Greatest hits album by Alan Jackson
- Released: June 14, 2004
- Genre: Country
- Length: 69:52
- Label: BMG

Alan Jackson chronology
| Greatest Hits Volume II (2003) | The Very Best of Alan Jackson (2004) | What I Do (2004) |

= The Very Best of Alan Jackson =

 The Very Best of Alan Jackson is the fourth greatest hits compilation album by American country artist Alan Jackson. It was released in the United States on June 14, 2004, on the Sony BMG International label.

Professional ratings
Review scores
| Source | Rating |
| Allmusic | Star |

==Content==
The release includes 18 greatest hits from Alan Jackson's studio albums:

Here in the Real World (1990)
- "Here in the Real World"
- "Chasin' That Neon Rainbow"
Don't Rock the Jukebox (1991)
- "Don't Rock the Jukebox"
- "Midnight in Montgomery"
A Lot About Livin' (And a Little 'bout Love) (1992)
- "Chattahoochee"
- "She's Got the Rhythm (And I Got the Blues)"
Who I Am (1994)
- "Livin' on Love"
- "Gone Country"
Everything I Love (1996)
- "Little Bitty"
- "Everything I Love"
- "Who's Cheatin' Who"
High Mileage (1998)
- "Right on the Money"
- "Little Man"
Under the Influence (1999)
- "Pop a Top"
- "It Must Be Love"
When Somebody Loves You (2000)
- "www.memory"
Drive (2002)
- "Drive (For Daddy Gene)"
- "Where Were You (When the World Stopped Turning)"
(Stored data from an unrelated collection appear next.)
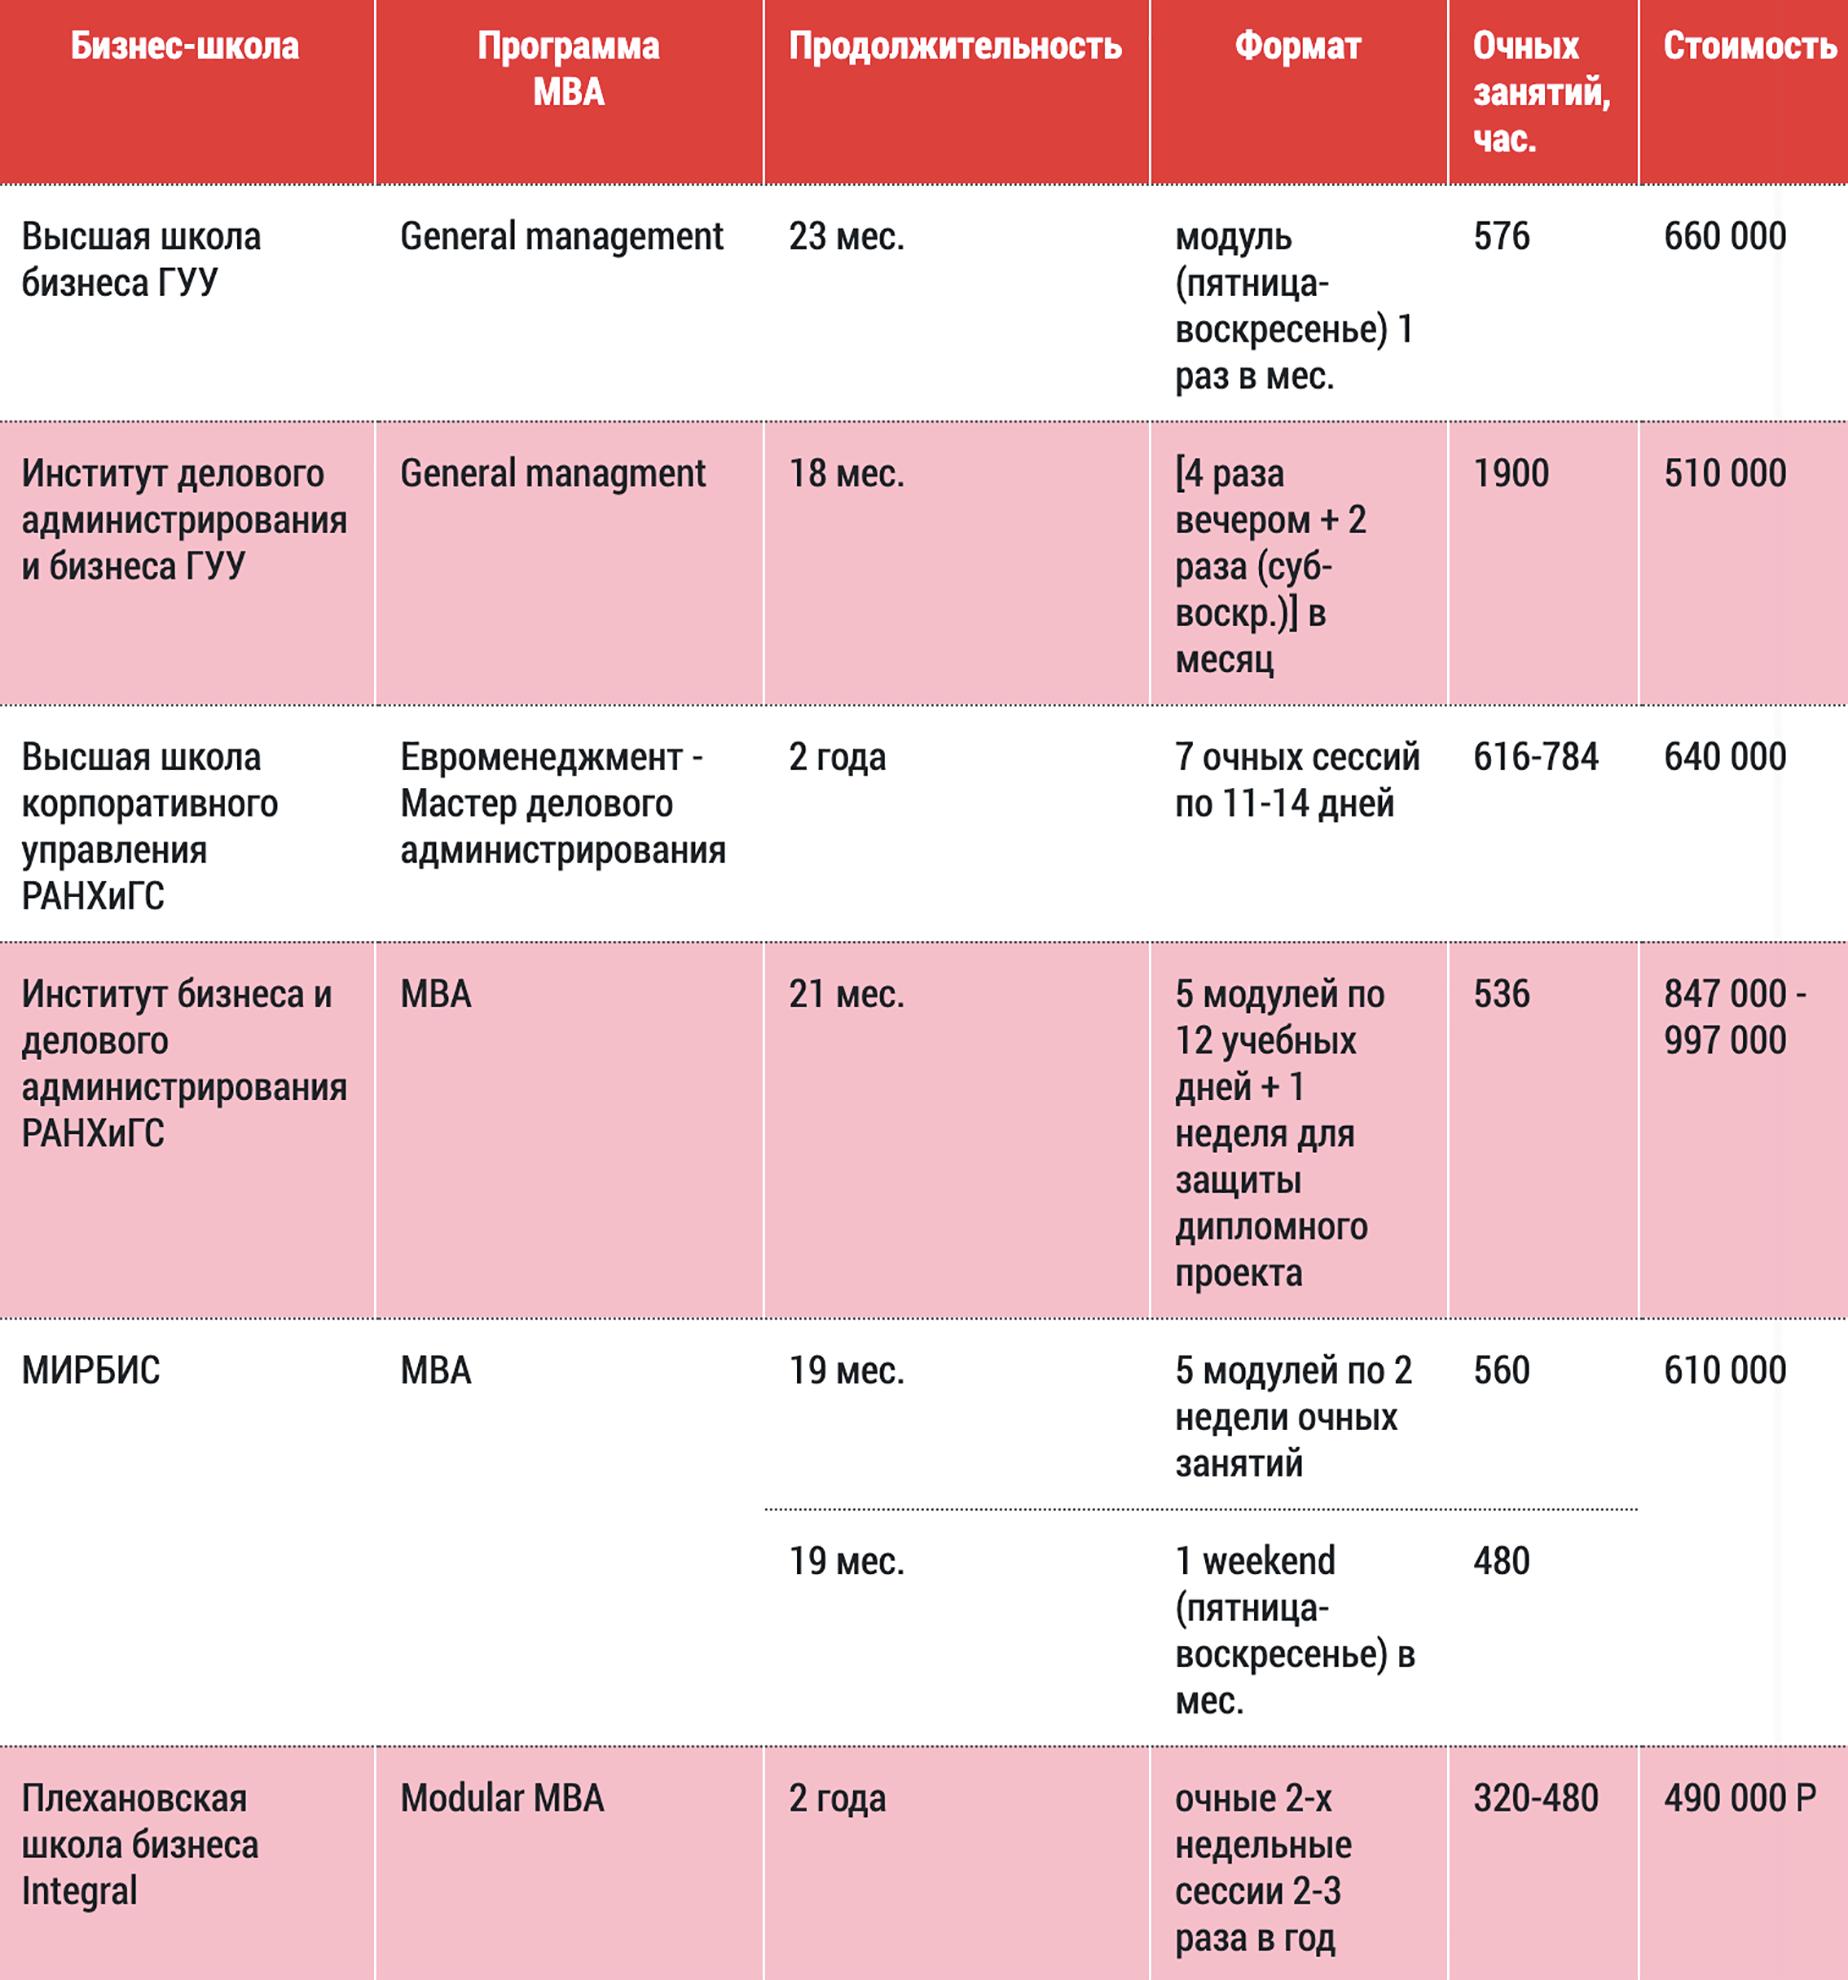 Сравнительная таблица модульных программ MBA в России на портале «MBA в Москве и России»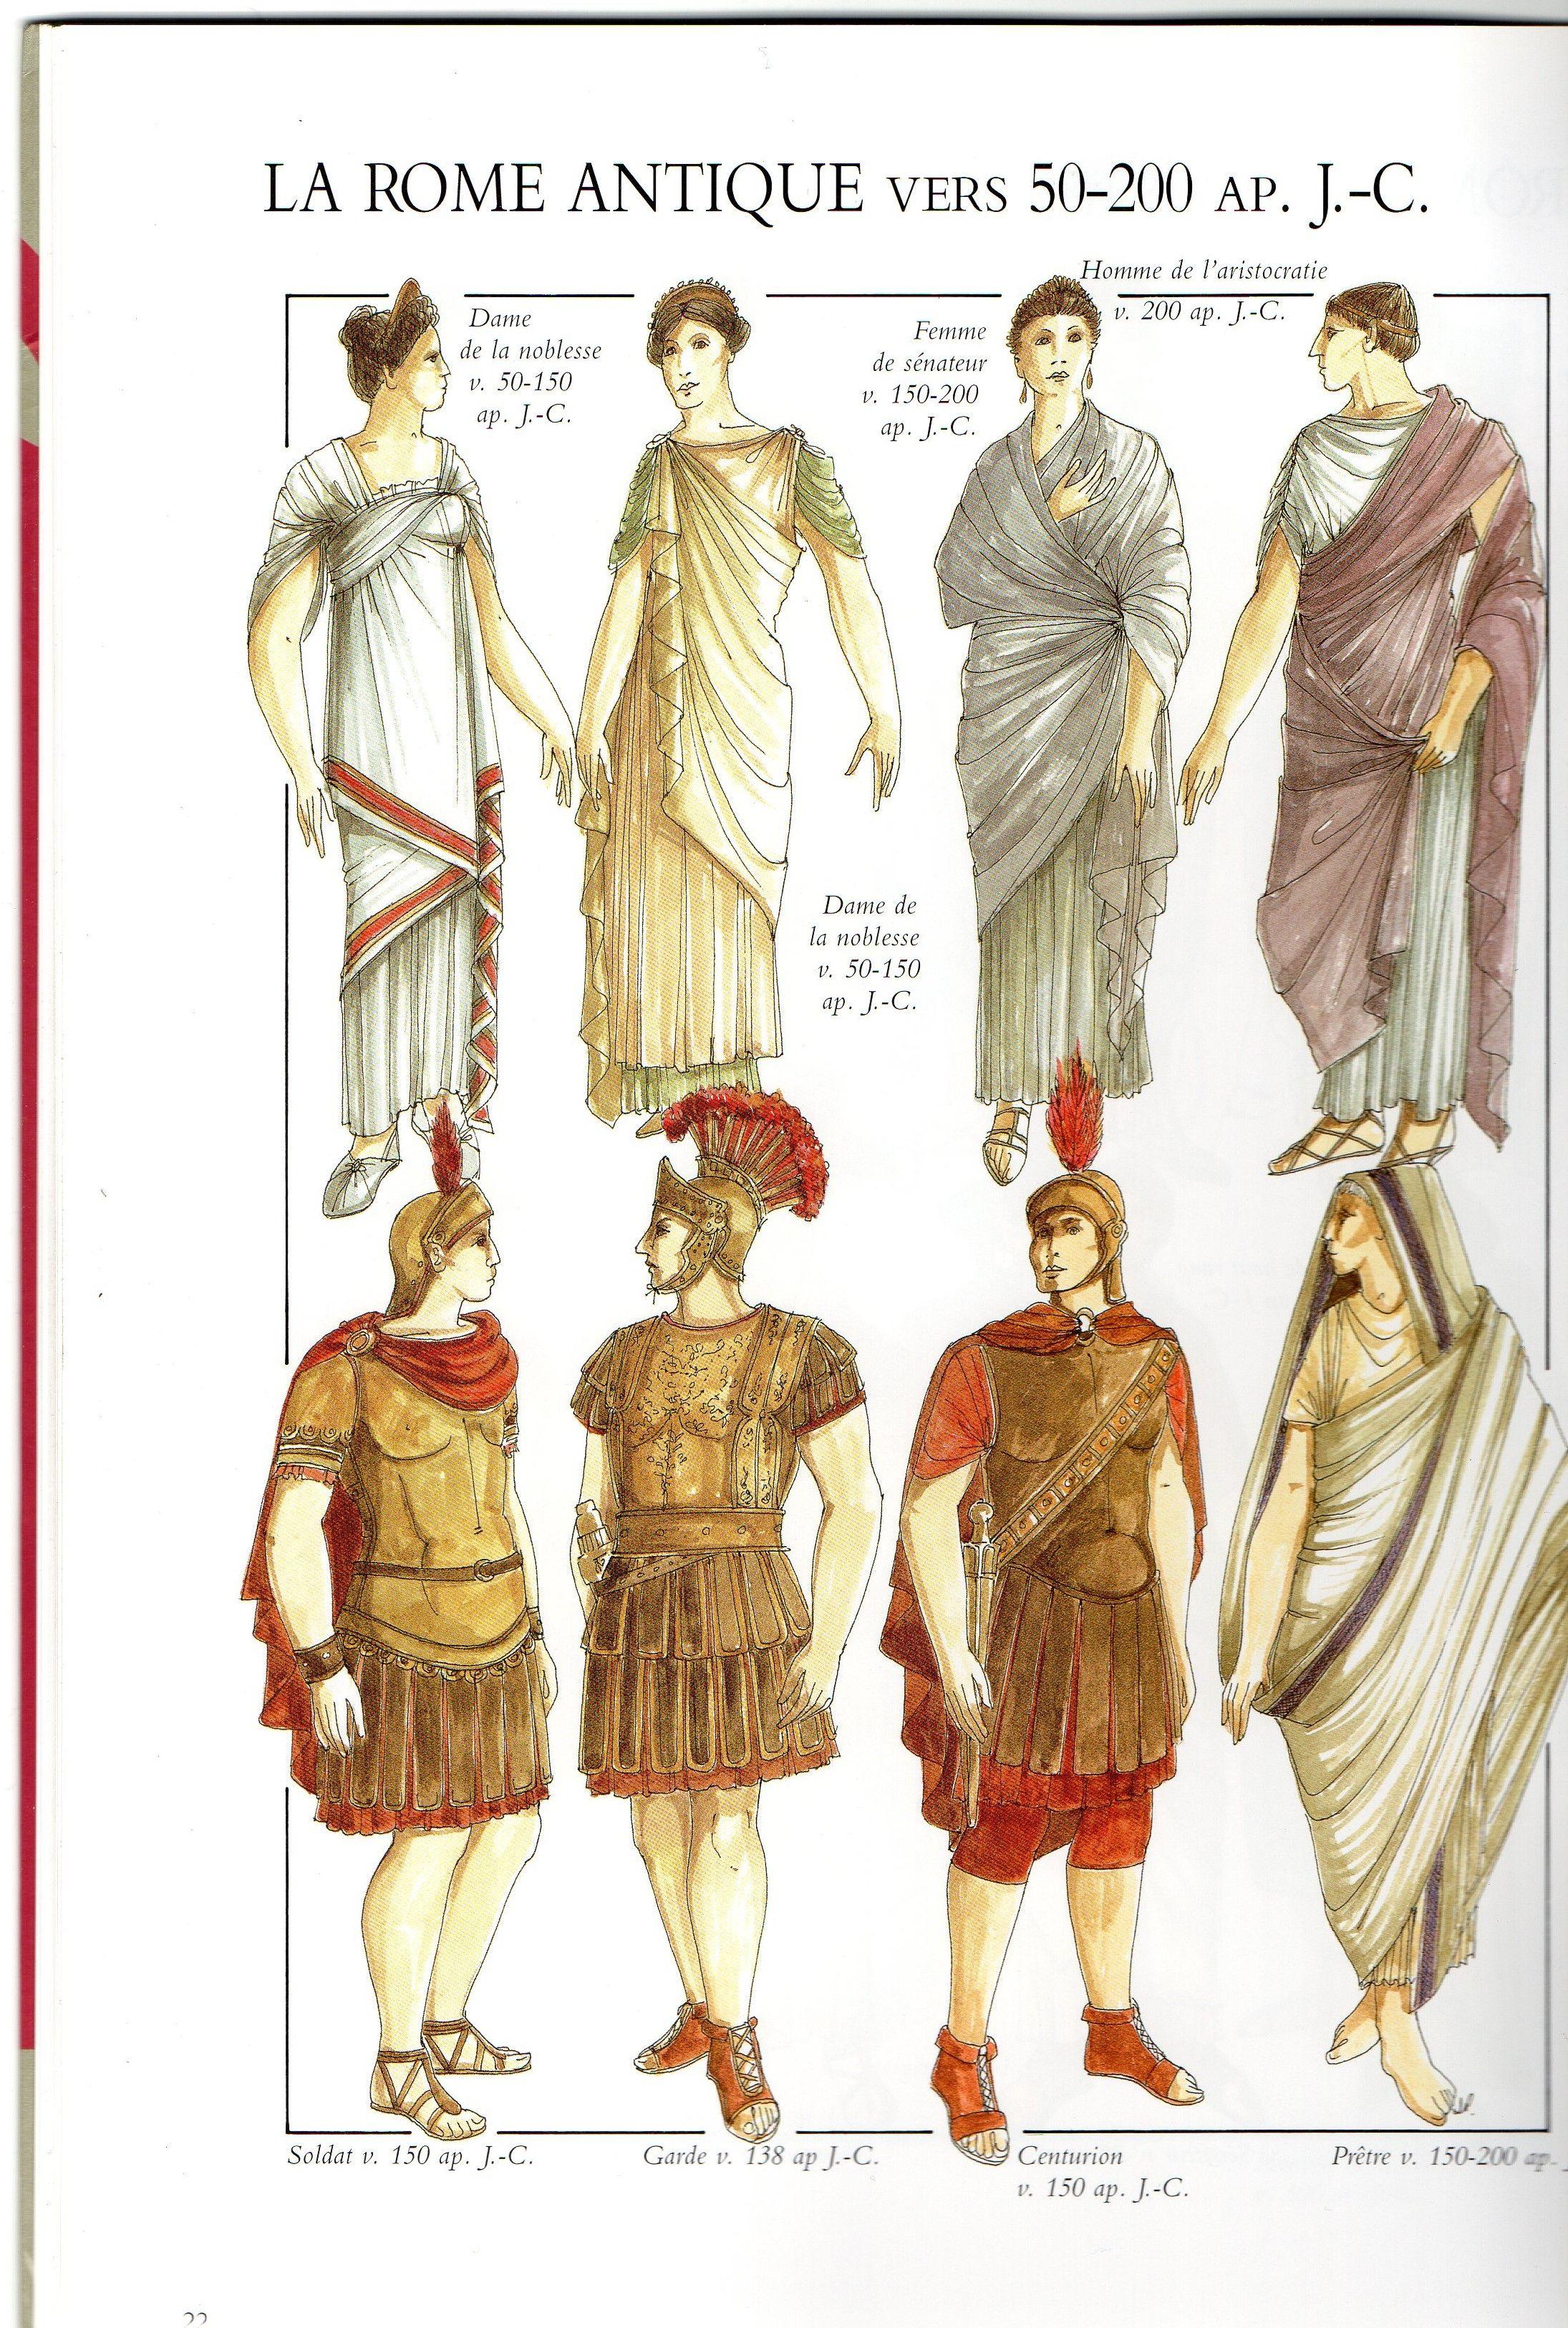 39++ Coiffure des hommes romains idees en 2021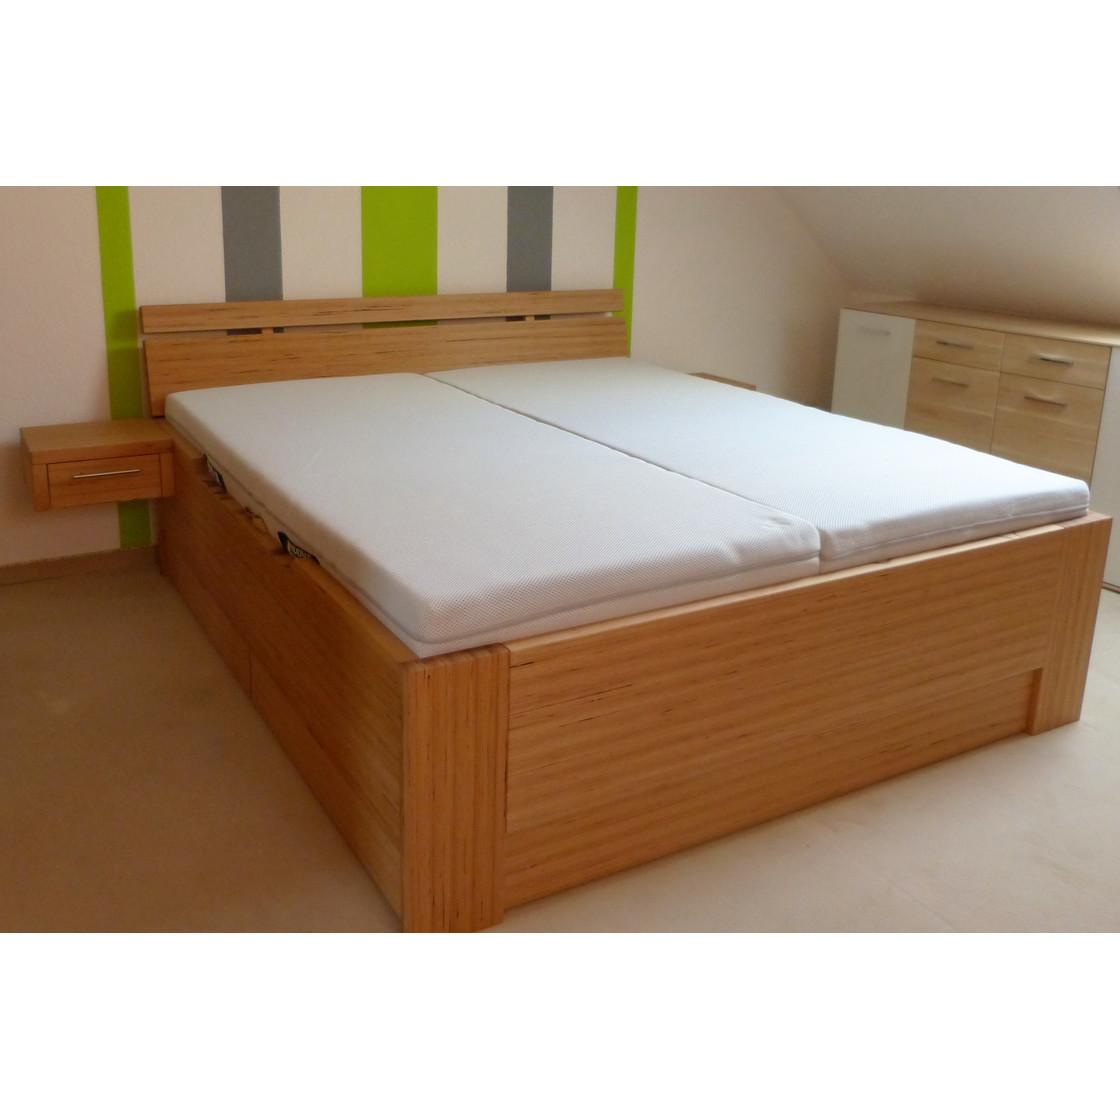 Full Size of Betten Mit Aufbewahrung 180x200 160x200 Bett Ikea 90x200 Massivholzbett Stauraumwunder Weissensee Mw Ebay Günstig Kaufen Stauraum 140x200 Dico Matratze Und Bett Betten Mit Aufbewahrung

and two hits from his compilation albums:

The Greatest Hits Collection (1995)
- "Tall, Tall Trees"
Greatest Hits Volume II... and Some Other Stuff (2003)
- "It's Five O'Clock Somewhere"

==Track listing==

| No. | Title | Writer(s) | Length |
|---|---|---|---|
| 1. | "Gone Country" | Bob McDill | 4:18 |
| 2. | "Drive (For Daddy Gene)" | Jackson | 4:02 |
| 3. | "Where Were You (When the World Stopped Turning)" | Jackson | 5:05 |
| 4. | "www.memory" | Jackson | 2:35 |
| 5. | "It's Five O'Clock Somewhere" | Jim "Moose" Brown, Don Rollins | 3:51 |
| 6. | "Chattahoochee" (extended mix) | Jackson, Jim McBride | 3:58 |
| 7. | "She's Got the Rhythm (And I Got the Blues)" | Jackson, Randy Travis | 2:25 |
| 8. | "Midnight in Montgomery" | Jackson, Don Sampson | 3:45 |
| 9. | "Little Man" | Jackson | 4:28 |
| 10. | "Pop a Top" | Nat Stuckey | 3:05 |
| 11. | "Don't Rock the Jukebox" | Jackson, Roger Murrah, Keith Stegall | 2:52 |
| 12. | "Little Bitty" | Tom T. Hall | 2:39 |
| 13. | "Here in the Real World" | Mark Irwin, Jackson | 3:38 |
| 14. | "Livin' on Love" | Jackson | 3:49 |
| 15. | "Who's Cheatin' Who" | Jerry Hayes | 4:02 |
| 16. | "Tall, Tall Trees" | George Jones, Roger Miller | 2:28 |
| 17. | "Right on the Money" | Charlie Black, Phil Vassar | 3:49 |
| 18. | "Chasin' That Neon Rainbow" | Jackson, McBride | 3:06 |
| 19. | "It Must Be Love" | Bob McDill | 2:51 |
| 20. | "Everything I Love" | Harley Allen, Carson Chamberlain | 3:06 |
| Total length: |  |  | 69:52 |

==Charts and certifications==
The Very Best of Alan Jackson debuted at #47 on the UK Albums Chart on week 27/2004, where it stayed for one week.

| Chart (2004) | Peak position |
|---|---|
| UK Albums Chart | 47 |

==Certifications==

| Region | Certification | Certified units/sales |
| Australia (ARIA) | Platinum | 70,000^{^} |
^{^} Shipments figures based on certification alone.